__BRIEF__
Reproduce exactly the lines of this material that begin at the line with "Come attrezzare una" and end at the line with "通行人不注意哲学的Skinfood ゴールドキャビアクリーム(しわケア) /", both included. Omit the pictures and everything else.

__EXTRACTED INFORMATION__
·····

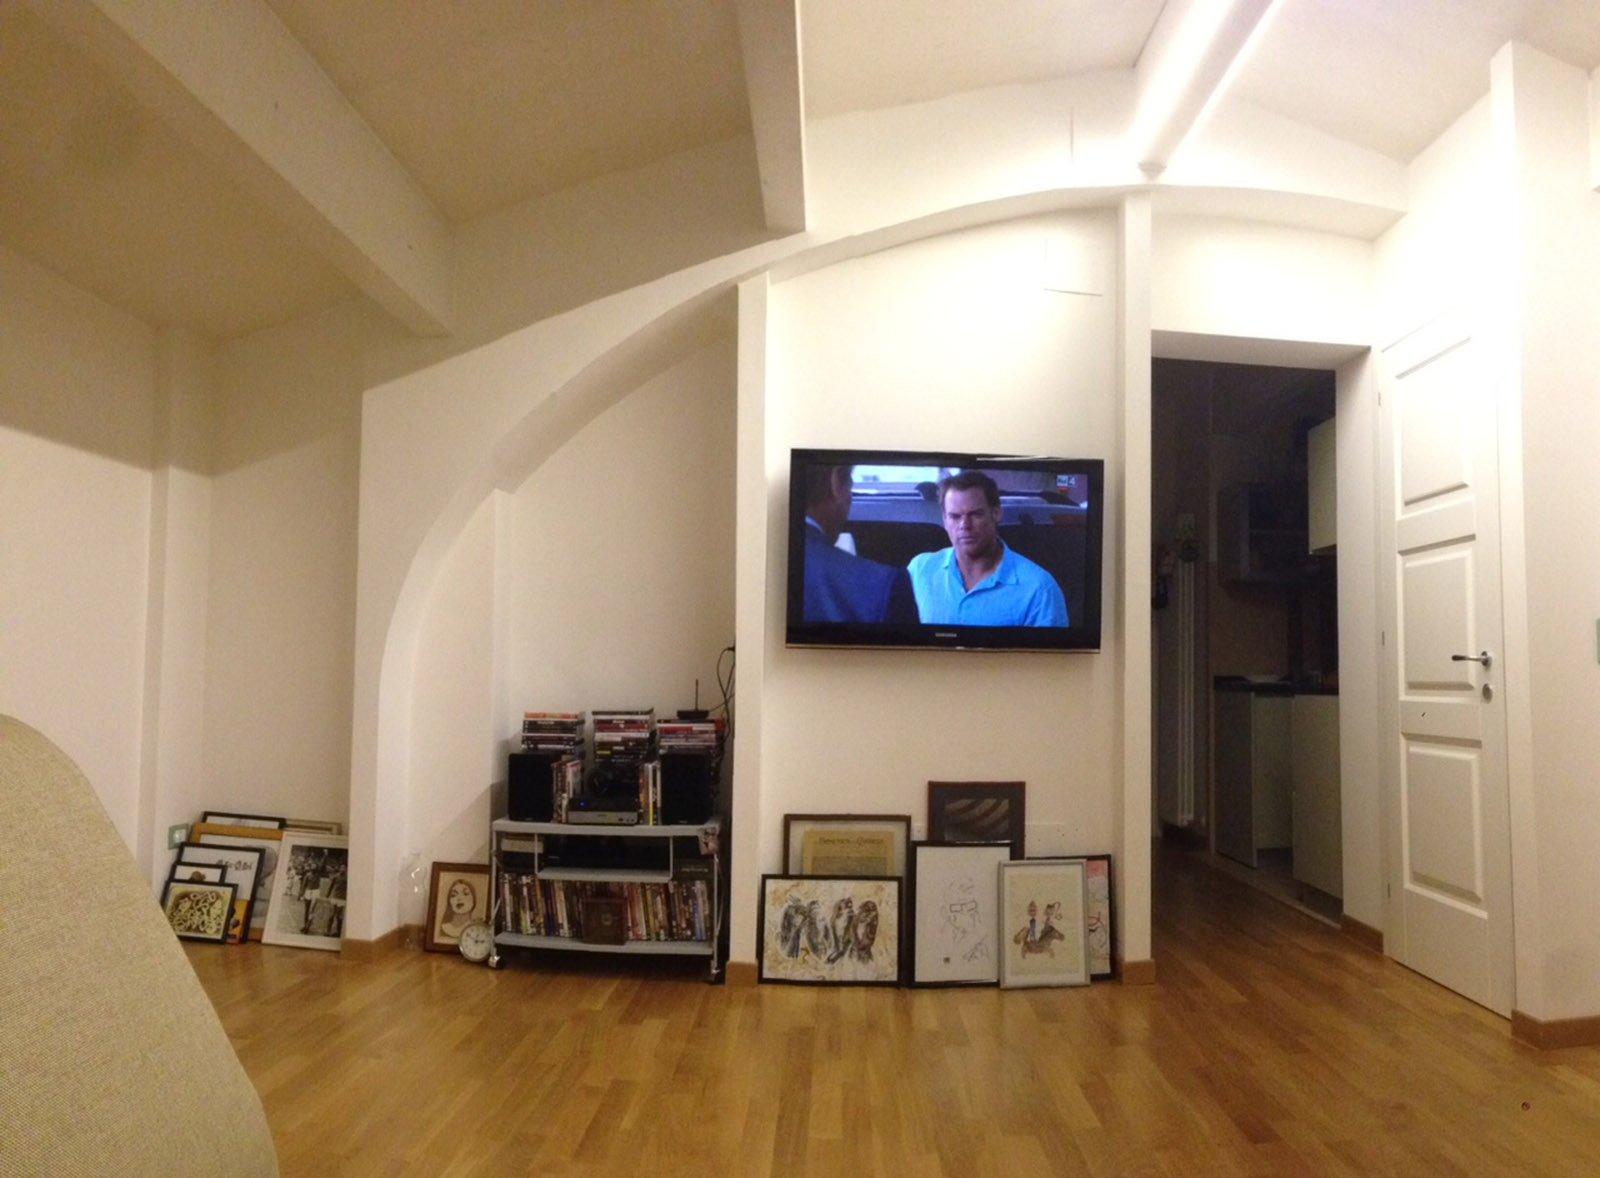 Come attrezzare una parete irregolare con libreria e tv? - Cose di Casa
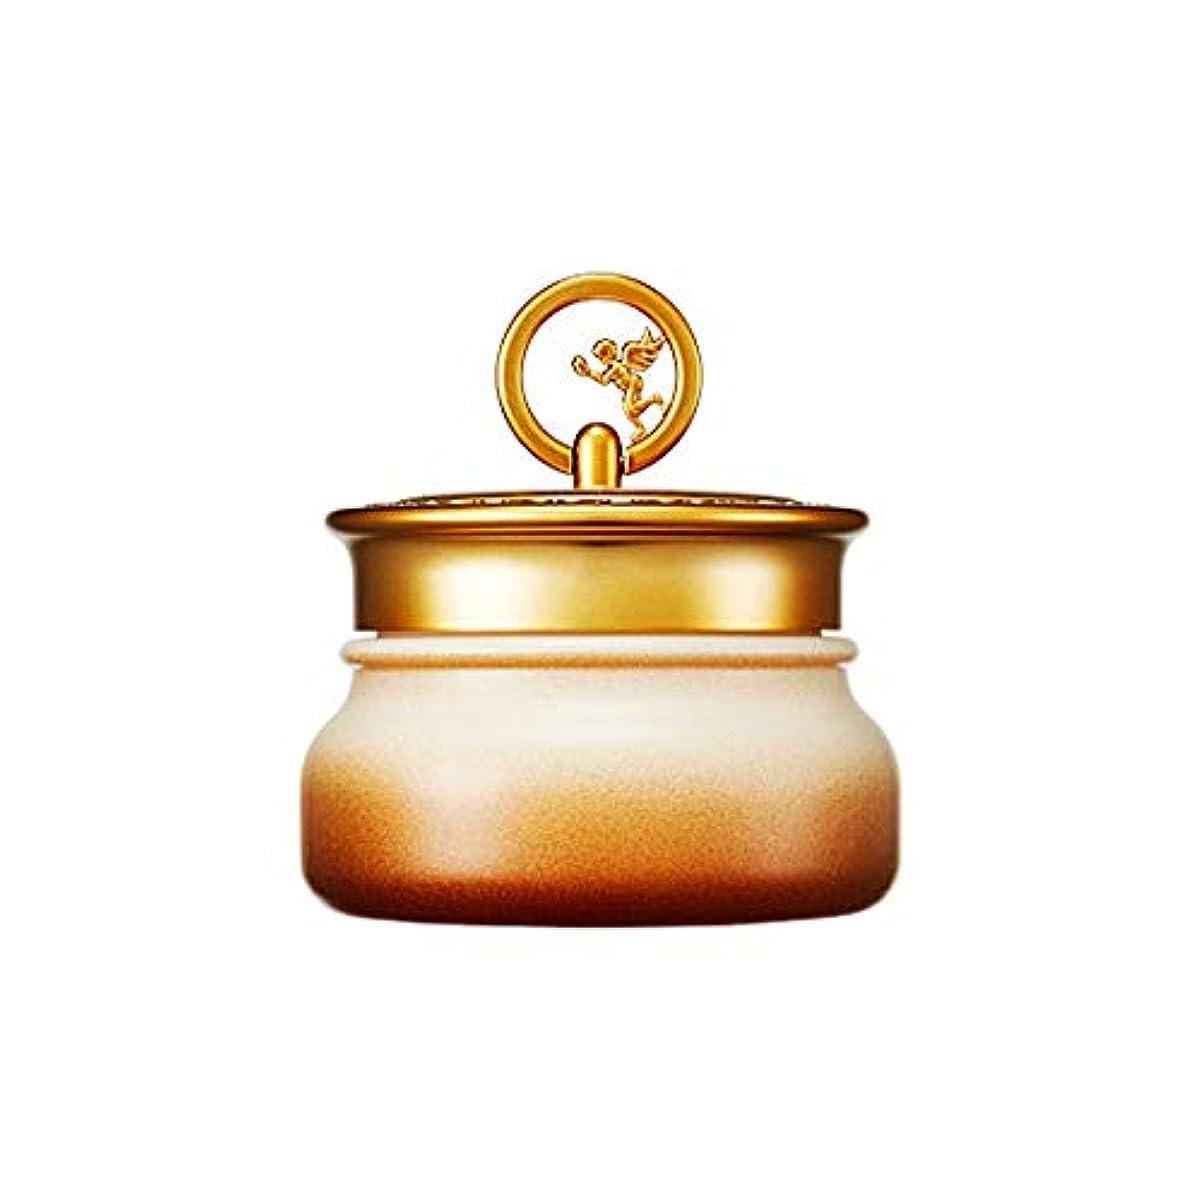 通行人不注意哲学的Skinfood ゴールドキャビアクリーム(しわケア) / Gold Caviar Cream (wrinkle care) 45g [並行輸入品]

·····

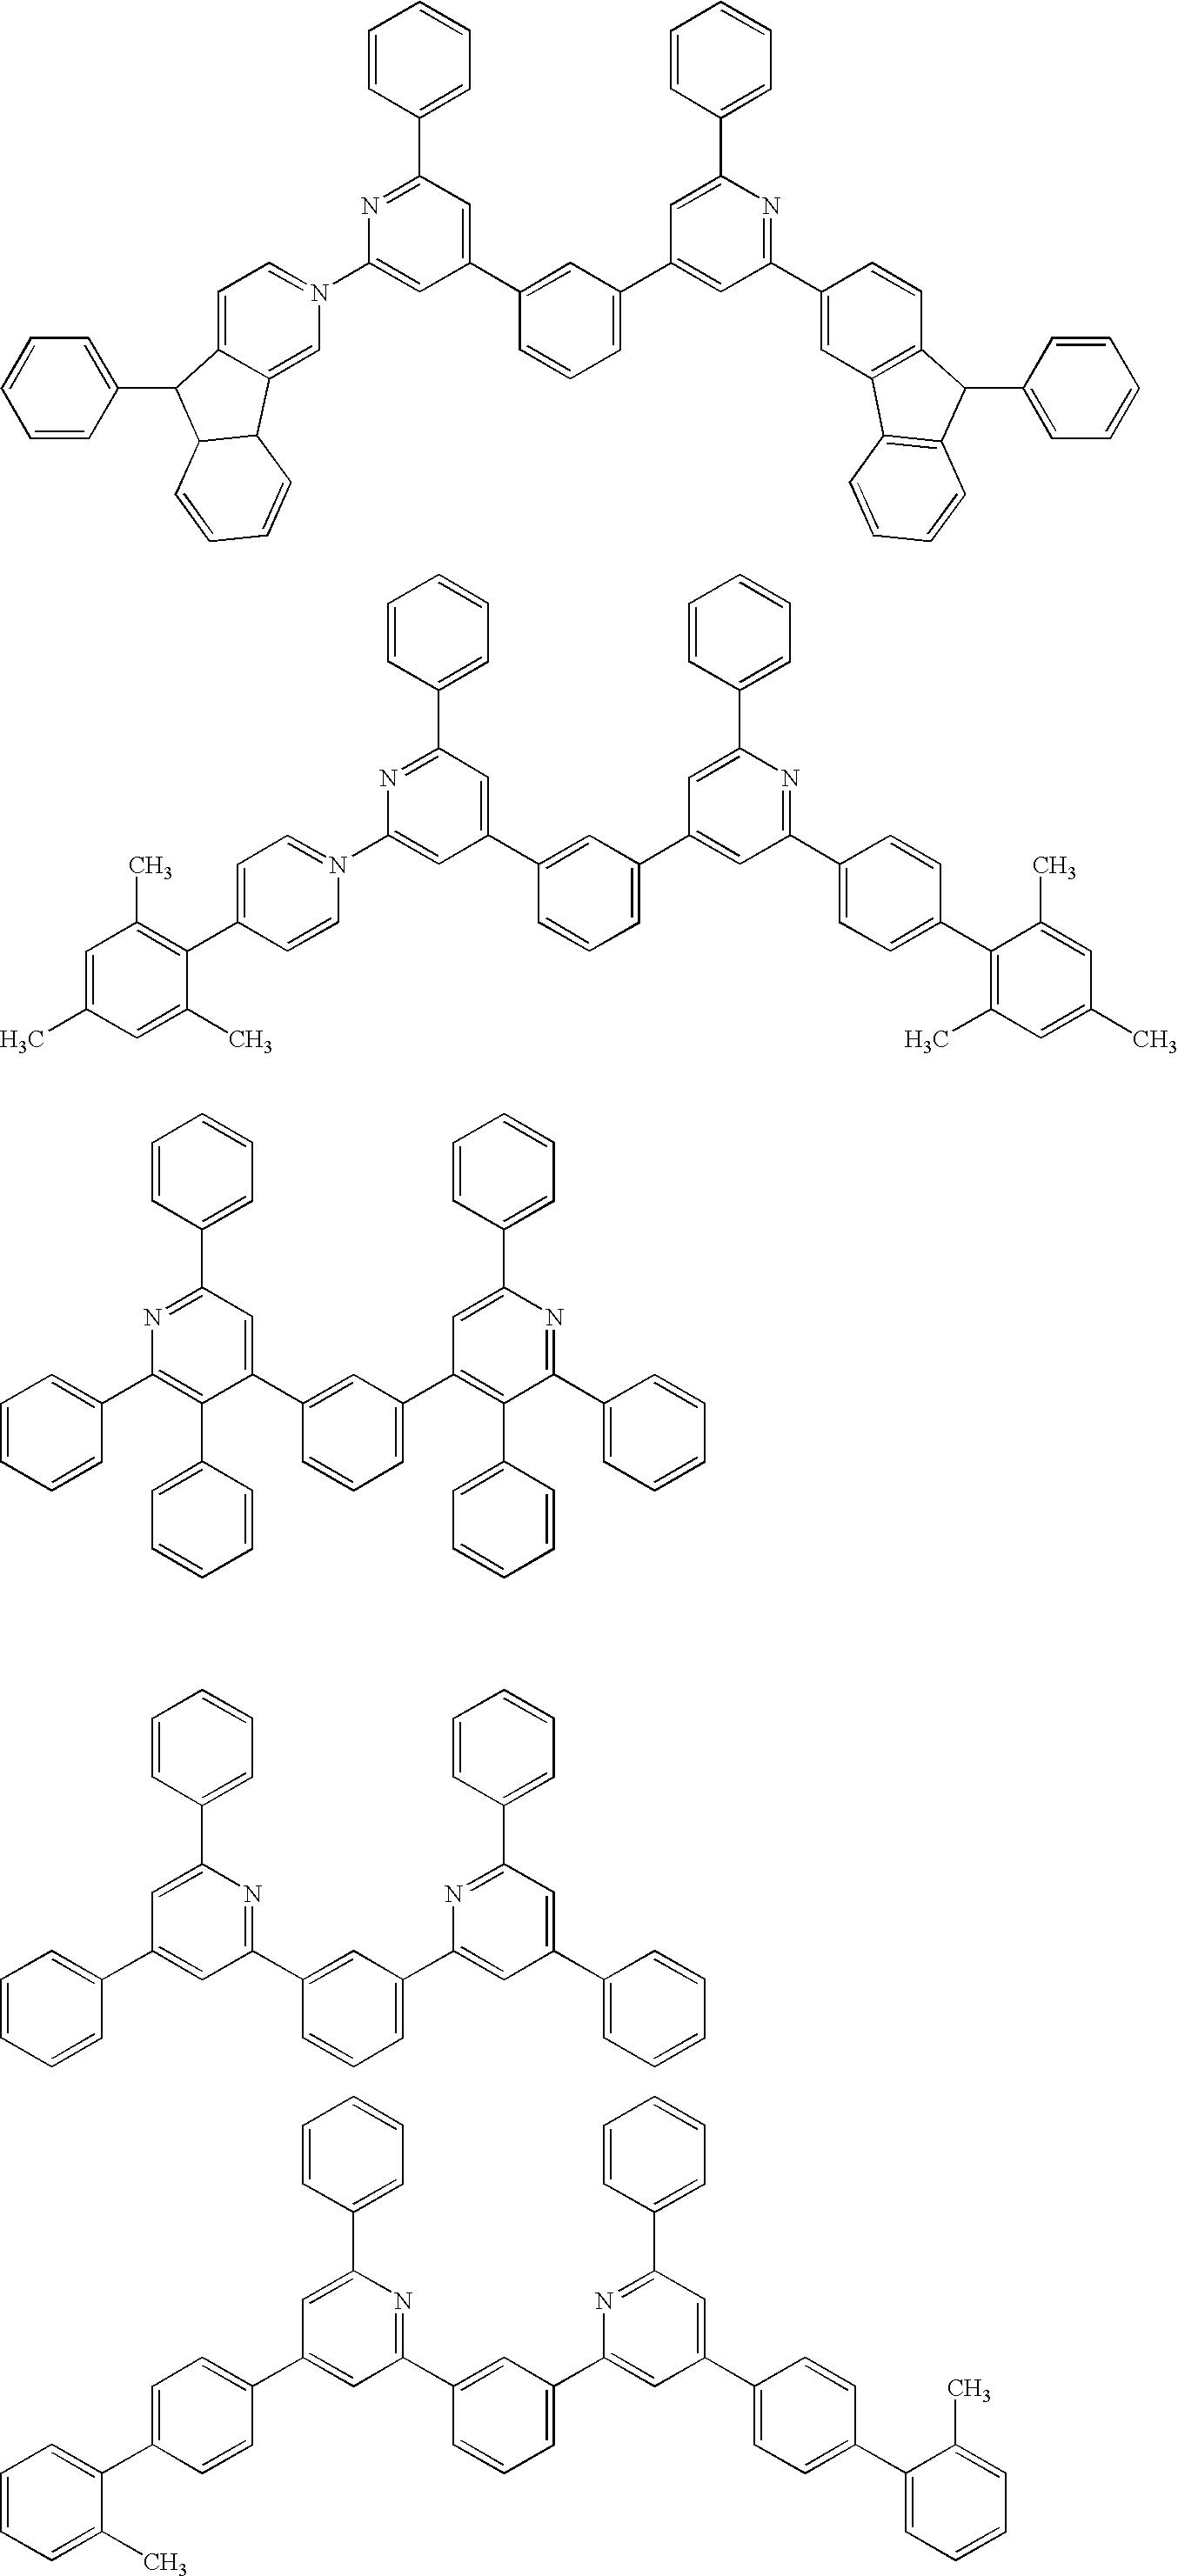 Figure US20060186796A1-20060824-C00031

·····

__RESULT__
 Come attrezzare una parete irregolare con libreria e tv? - Cose di Casa
 通行人不注意哲学的Skinfood ゴールドキャビアクリーム(しわケア) / Gold Caviar Cream (wrinkle care) 45g [並行輸入品]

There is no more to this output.